From the moment we are born we are responsive and search out ways of stimulating our senses. This enables us to discover the world around us, to invent it to suit our needs and, importantly, we find out about our significance and relationship to that world. This need and desire continues for the rest of our lives. John Epstein’s book contains his energetic and direct charcoal figure drawings. The use of the charcoal was searching and gave form to the poise, weight and character of the figure. There are also short essays and one of them in particular has been absorbed into my teaching and philosophy about painting and drawing.

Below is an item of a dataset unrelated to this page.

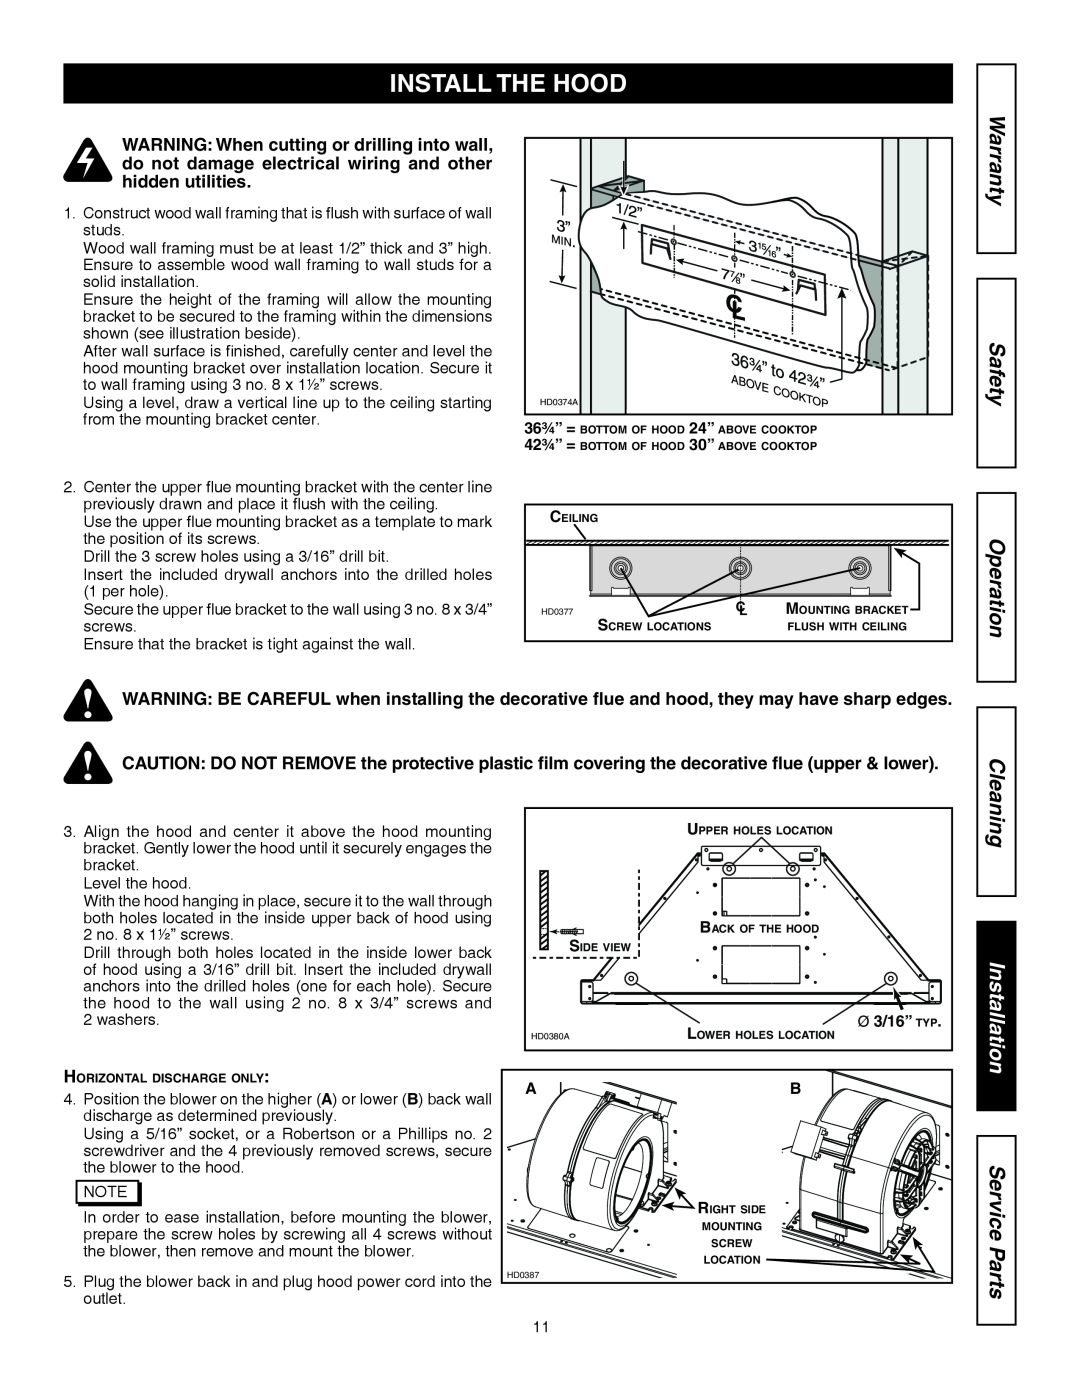 Kenmore 31130, 31133 installation manual Install The Hood, Safety, Cleaning

It simply states what is obvious, although it is so often under used or even overlooked. It reminds the artist that before any plans or assumptions are made, before any brush is loaded or charcoal is grasped, there is a sensitive and receptive tool attached to the end of each of our arms. This tool can relate its experience back to the artist and it can influence directly the look and feel of the image beyond what the eye can see and the head can imagine:

A montage of hands showing a range of touches.

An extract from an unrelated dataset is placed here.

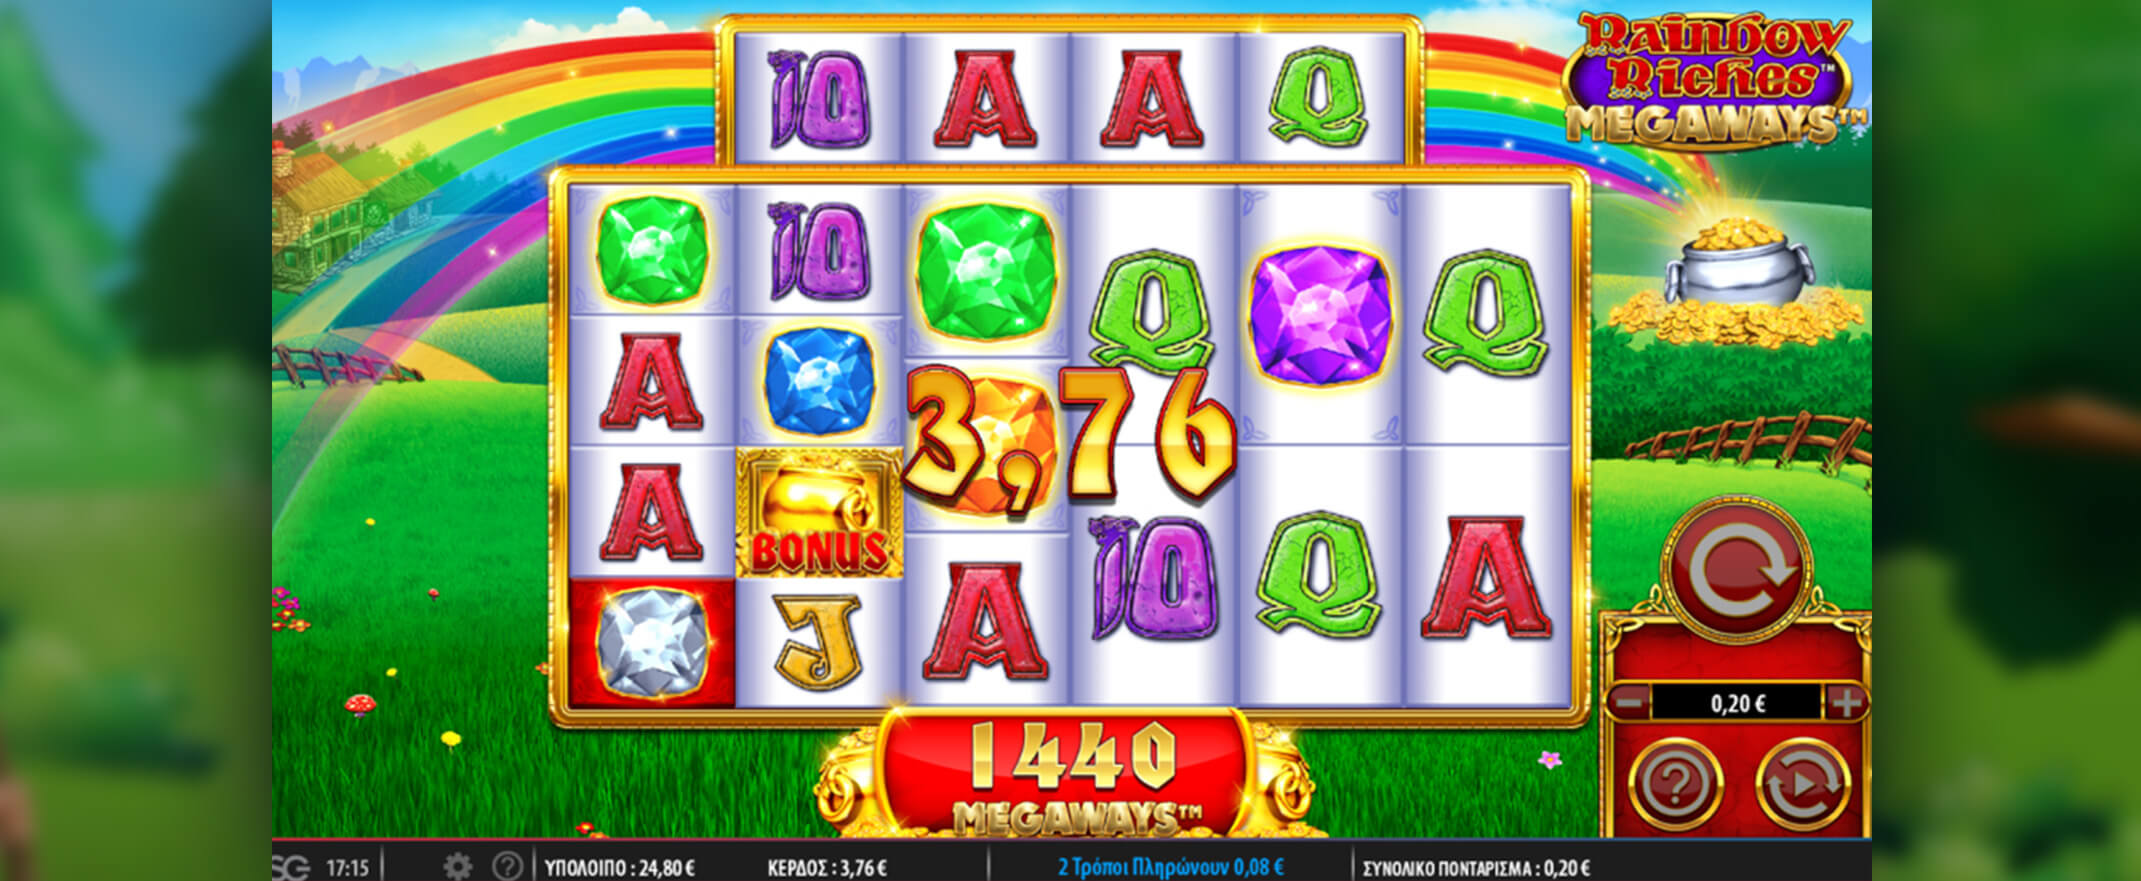 Rainbow Riches slot - image of the reels

A picture is made up of marks. It is made by hand.

To understand the mark, the hand must be appreciated.1

The hand:

a)

is not naturally steady

b)

wants to move

c)

wants to touch

d)

wants to hold

e)

wants to dig, to unearth

f)

wants to encompass

g)

wants to fondle

h)

wants to stroke and to rub

i)

wants to pull

j)

wants to pinch

k)

wants to scratch

l)

wants to demonstrate its owner’s nature in its movement, and it wants to stay in contact with hands of the past

m)

when stretched out in front of us, is the furthest part of the body into the world

n)

reaches out and draws in

o)

is the first to touch others

p)

is a divining rod, a blind man’s probe

q)

will unlock the door.

The significance of the hand, in the context of the practical activity of making a painting or drawing and its contribution to the feel and content of the image, cannot be underestimated. Whilst there are now available to us so many different ways of making images that are efficient and seductive in their effects; it is interesting that the hand still seems so important. The reason for this is that the hand reveals the individuality of its owner, its movement, pressure and sensitivity being inextricably linked to the artist’s desires and personality. The drawing or painting will have an integrity and originality of its own revealed through the actions of the hand. For all our sophistication, intellect and technology we are all creatures that respond to and understand the world around us through our senses. The visual sense is obviously one of the essential tools that enable the artist to create images but it is not exclusively the sense that gives the most creative stimulus and information.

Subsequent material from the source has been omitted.